President Jeffrey Zucker said the backlog could drive California sales of marijuana back to the black market, and punish companies for following all the state’s strict new guidelines for products.

“The lack of testing facility licenses that have been given out combined with the backlog at the few existing ones are keeping good products off the shelves in California,” Zucker said.

Zucker said the state needs to speed the process up and the state needs to license more labs.

 “Should this backlog continue, there’s the potential to push sales back to the illegal market something to which California’s exorbitantly high taxes are also contributing,” Zucker said.

San Diego’s PharmLabs is one of only 31 marijuana testing labs in a state with more than 400 licensed retailers.

Located in the Midway district, PharmLabs says business is booming with about five times the amount of work and clients. At PharmLabs, the staff doing the testing are all scientists with expertise in chemistry and microbiology. They use the same equipment, including robotics, that’s used in the food industry and to test pharmaceuticals.

 “(The new state regulations) has forced us to grow our teams at least two-fold here, and our clients are coming to us with a lot of business,” said Brodnick of PharmLabs. “We are very, very busy but happy to be busy.”

Brodnick said it’s very important for the consumer’s safety that products, especially edibles, are tested for potency. But, he admits there have been some growing pains with the new regulations.

“Prior to these regulations, you could mix whatever you want in whatever you want, label it and sell it. So, it’s kind of a mixed bag of what you get,” Brodnick said. “Testing is really, really important. It’s one of the most important issues in cannabis, and it’s one we need tight control over to eliminate some of that stigma.”

However, Scherer said even the most potent edibles were not shown to cause long-term negative health impacts for the consumer, and he believes there could be some flexibility from the state on the testing requirements as the new laws are implemented and more labs become licensed.

He said the industry has not developed uniform standards for testing yet, which has caused some labs to get different results on the same products.

 “Right now, it’s just creating chaos in the supply chain without really providing the reassurances they’re claiming to offer,” Scherer said.

Brodnick said there are international standards for analytical testing in cannabis. A spokeswoman for PharmLabs said the lab is internationally accredited, which is a requirement by the state of California under the new regulations.

“It helps bring more credibility to the industry because the accreditation is difficult to achieve. Laboratories did not previously have the accreditation requirement to operate in the medical cannabis space,” the spokeswoman said.

Brodnick said it's better to be safe and accurate than fast, just to please the retail shops. 

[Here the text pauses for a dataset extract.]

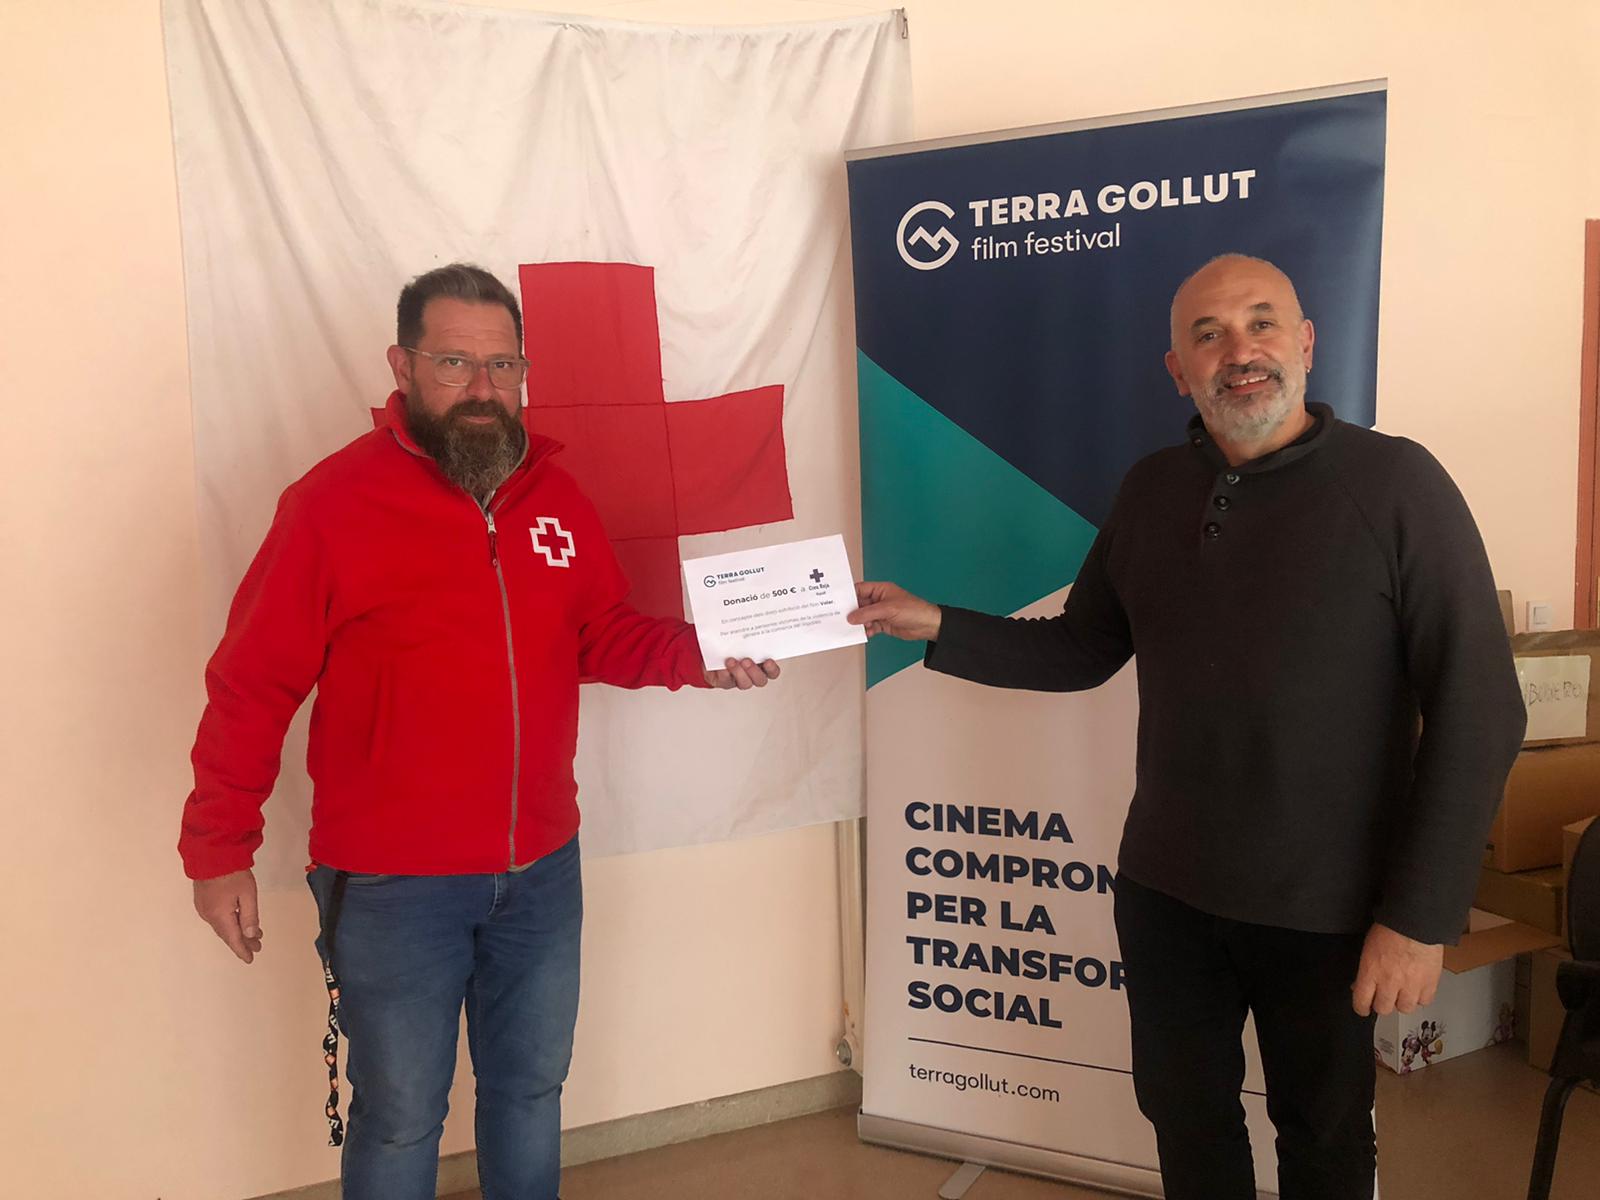 El TERRA GOLLUT film festival fa entrega a la Creu Roja de Ripoll una donació econòmica per a projectes de treball amb dones víctimes de violència de gènere al Ripollès.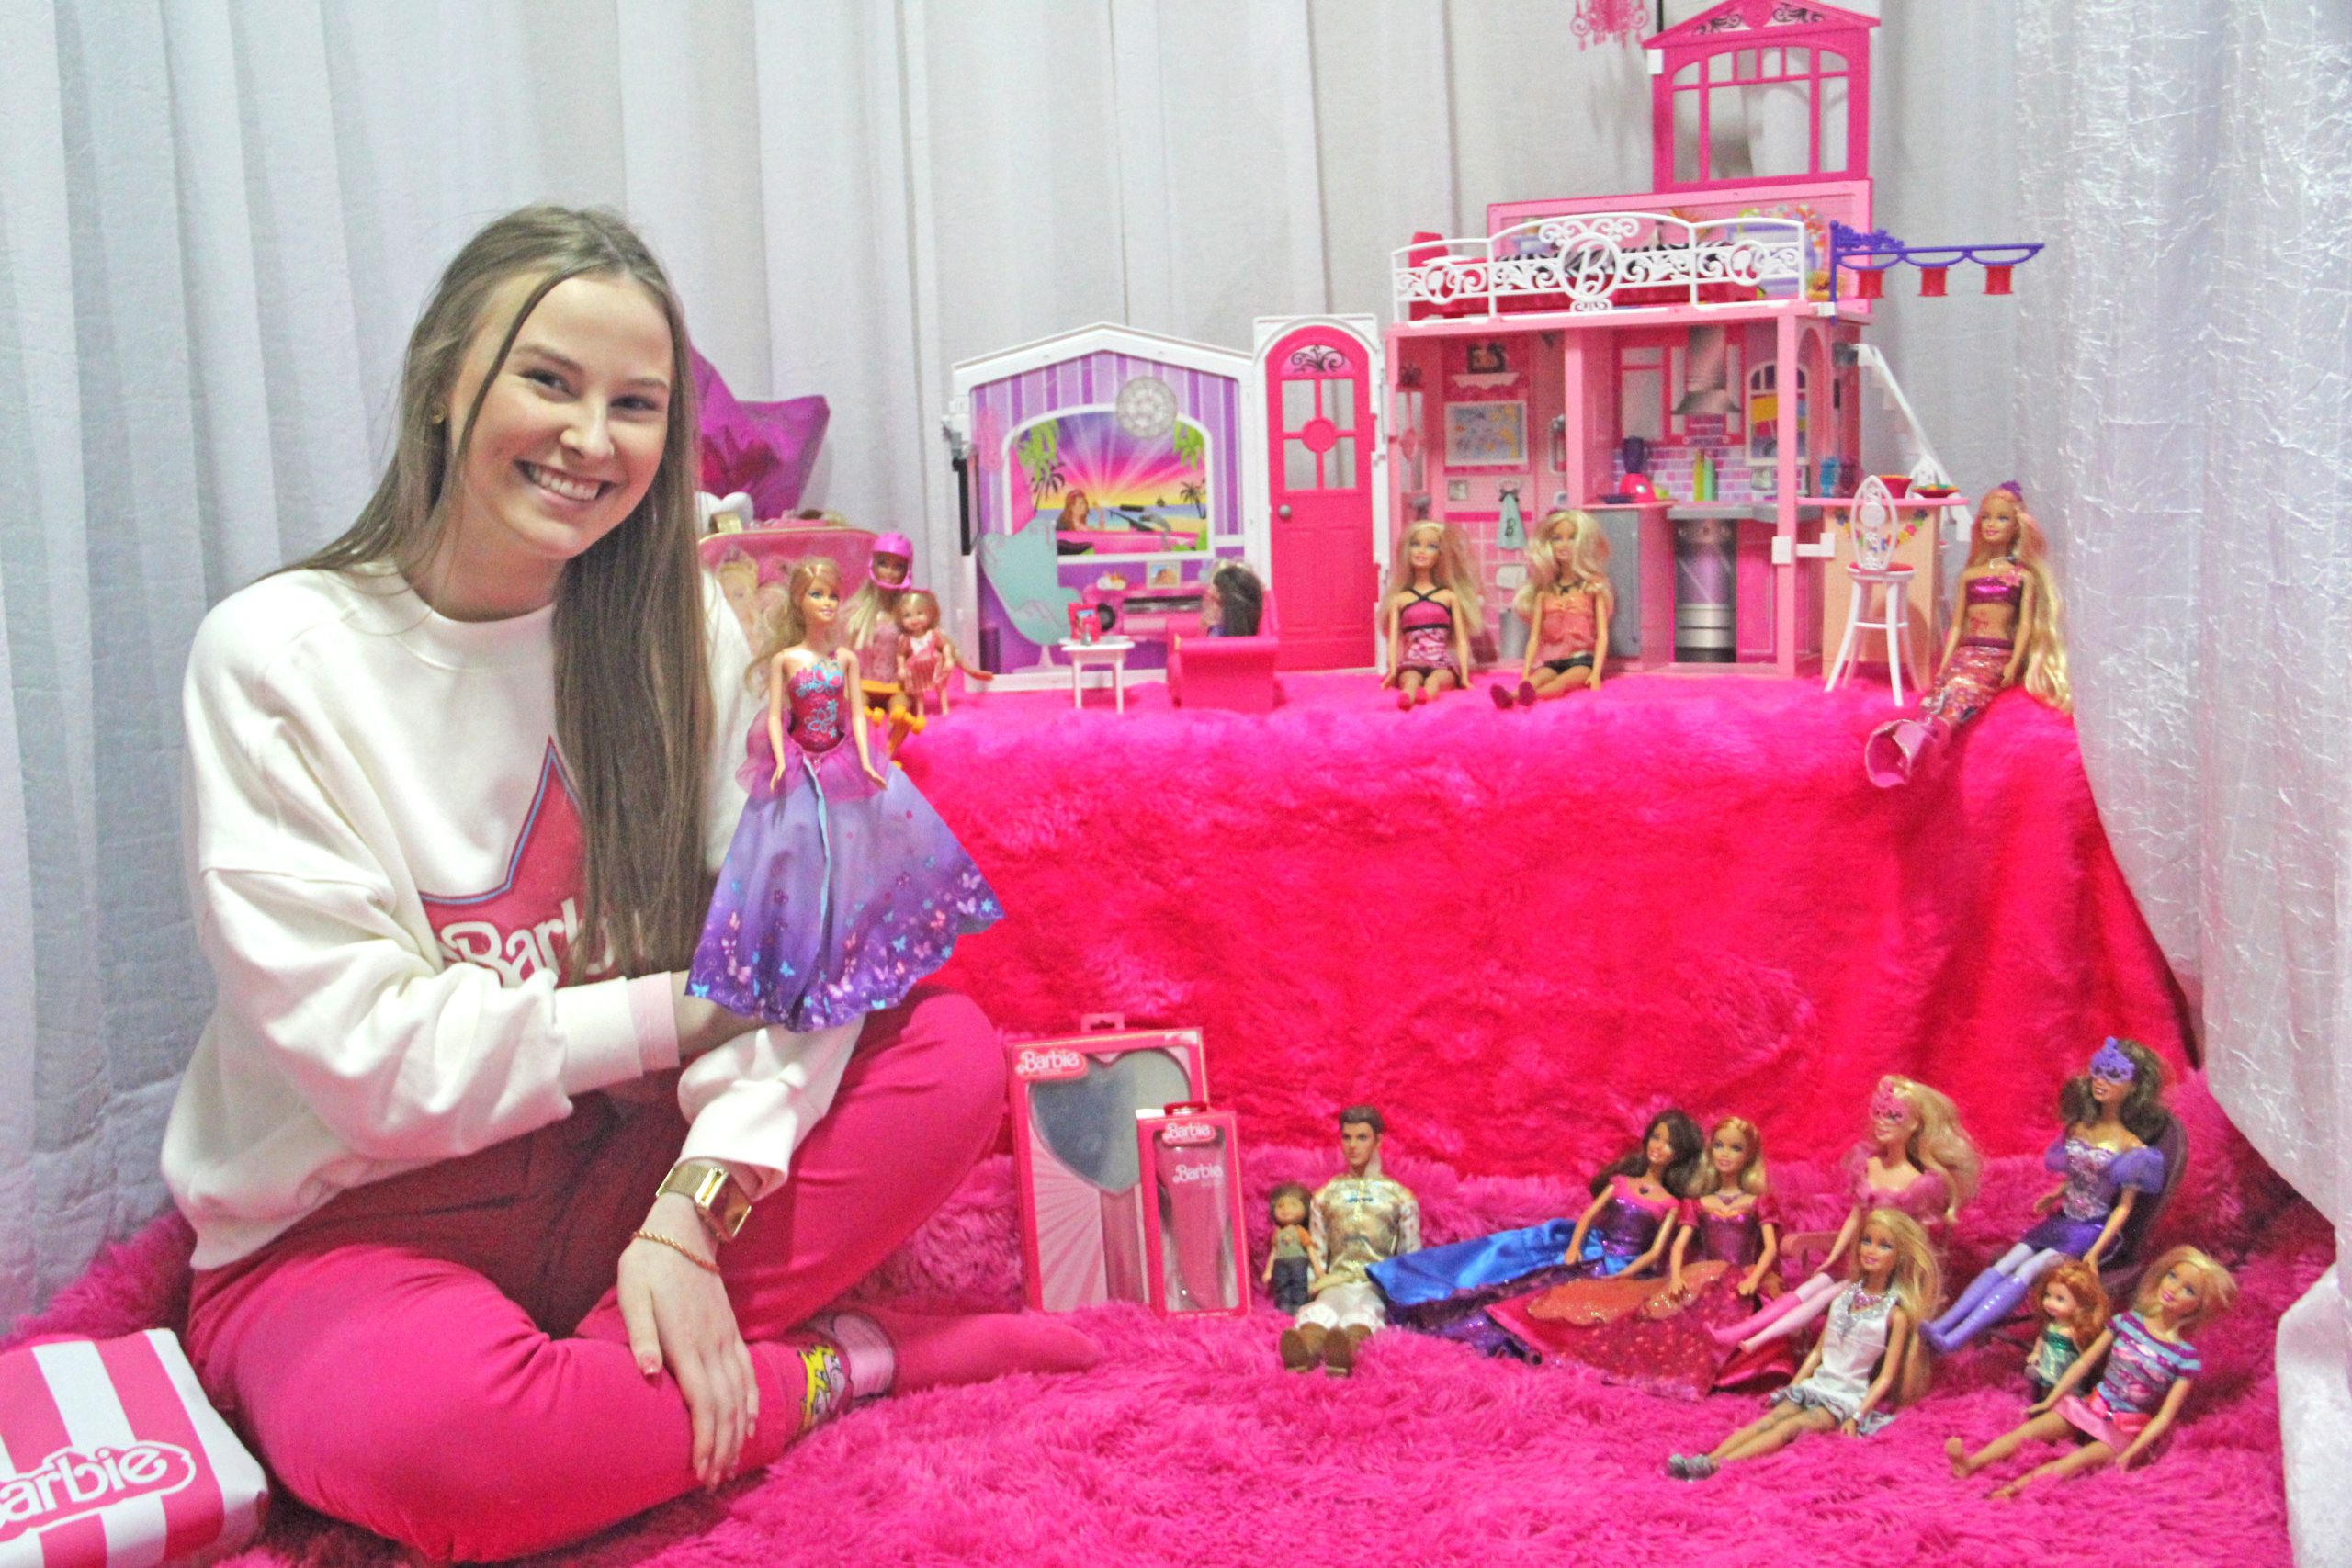 O Novo Filme Barbie Da Vida real De cosplay Infantil Com Mesmo

“What we need to see is more very good laboratories,” Brodnick said. “A lot of people got into this business not knowing what they were doing, and there’s been an evolution. The investment does need to be made into good scientists, quality systems and doing business the right way.”

In the meantime, what happens to all those marijuana cookies?

Industry experts say products with more than the legal dosage will have to be destroyed if they cannot be converted or repackaged to a lower dosage product.